Saying that something is goal-directed seems to be an average fuzzy category, like "heavy things". Associated with it are "quantitative" ideas of a particular goal, and optimality of its achievement (like with particular weight).

Comment author: Vladimir_Nesov 17 November 2011 12:47:53AM *  0 points [-]

This could be a goal, maximization of (Monday-saved + Tuesday-killed). If resting and preparation the previous day helps, you might opt for specializing in Tuesday-killing, but Monday-save someone if that happens to be convenient and so on...
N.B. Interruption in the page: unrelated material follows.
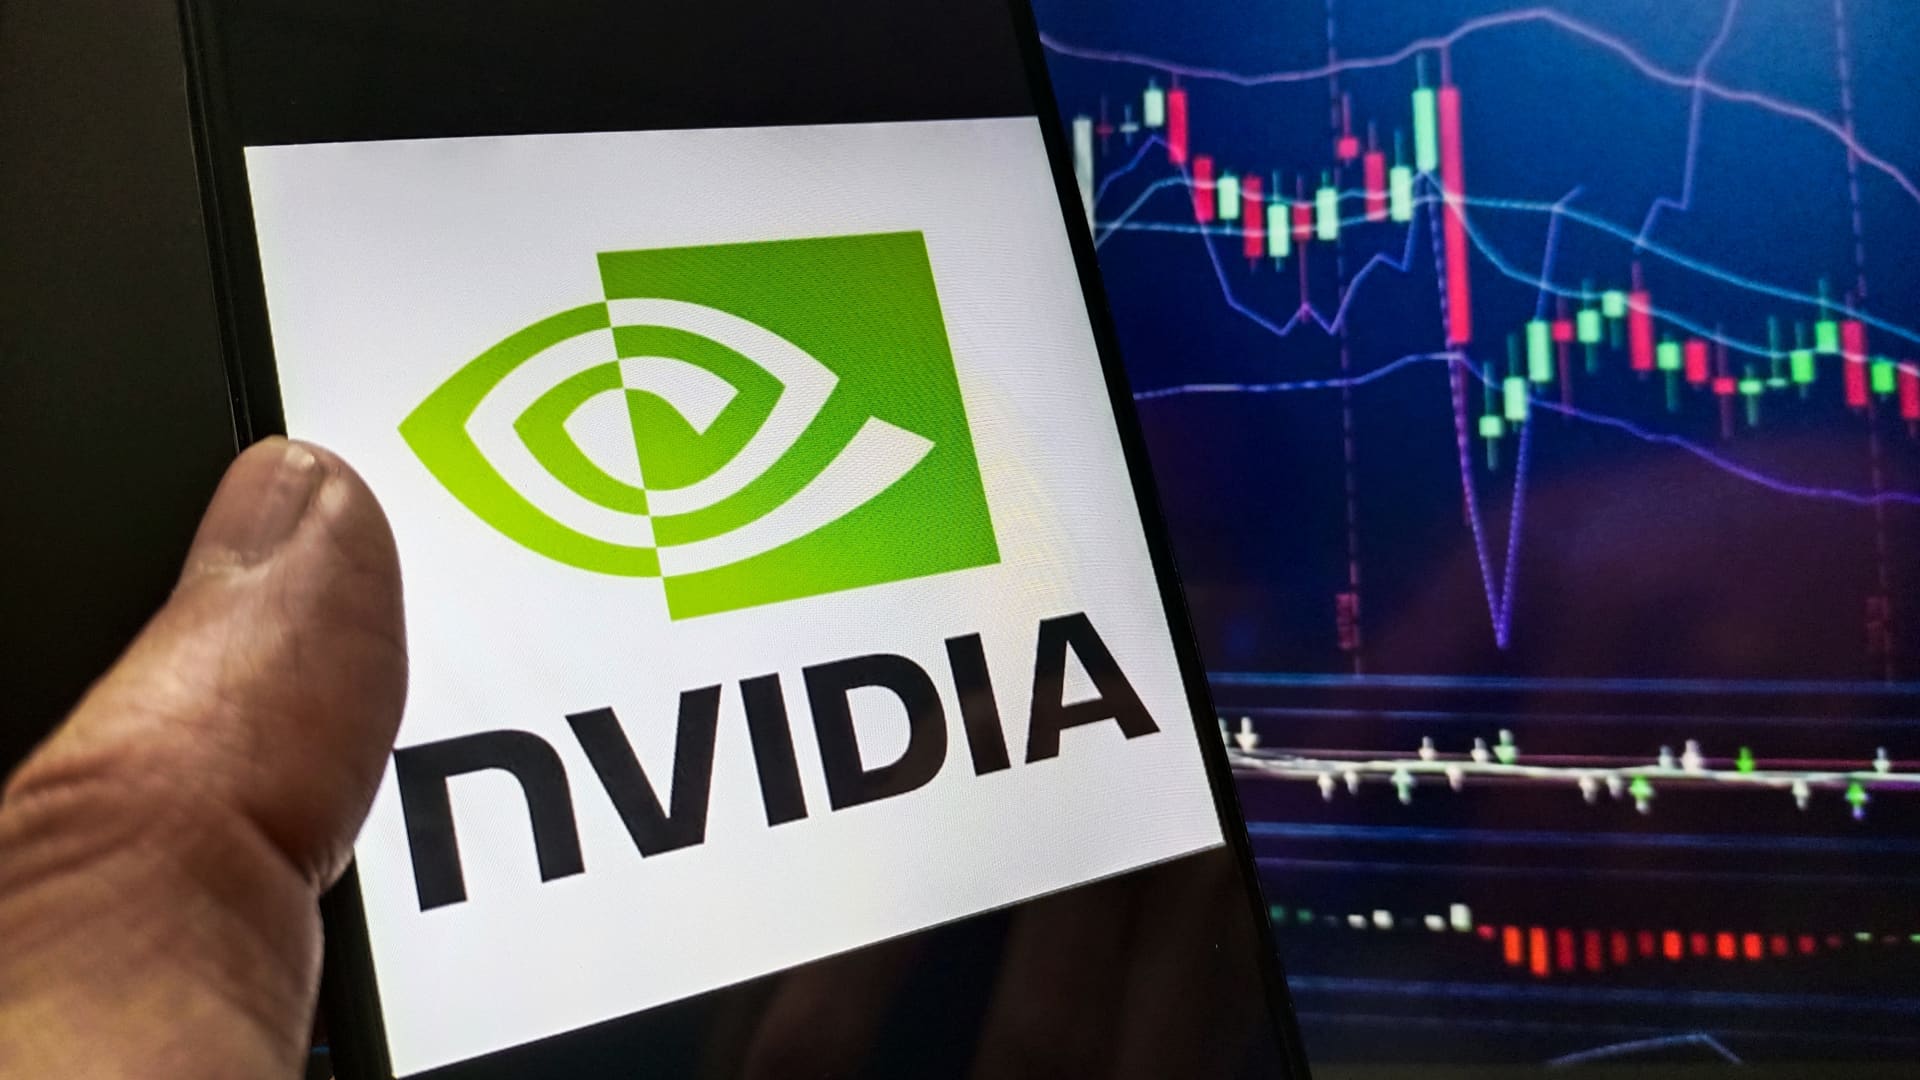 Here are the 6 stocks that rise when Nvidia shares fall - CNBC

I think this only sounds strange because humans don't have any temporal terminal values, and so there is an implicit moral axiom of invariance in time. It's plausible we could've evolved something associated with time of day, for example. (It's possible we actually do have time-dependent values associated with temporal discounting.)

Comment author: torekp 14 November 2011 02:37:04PM *  1 point [-]

rwallace addressed your premise here.

Comment author: XiXiDu 09 November 2011 11:46:13AM *  3 points [-]

Let's start with the template for an AGI, the seed for a generally intelligent expected-utility maximizer capable of recursive self-improvement.

As far as I can tell, the implementation of such a template would do nothing at all because its utility-function would be a "blank slate".

What happens if you now enclose the computation of Pi in its utility-function? Would it reflect on this goal and try to figure out its true goals? Why would it do so, where does the incentive come from?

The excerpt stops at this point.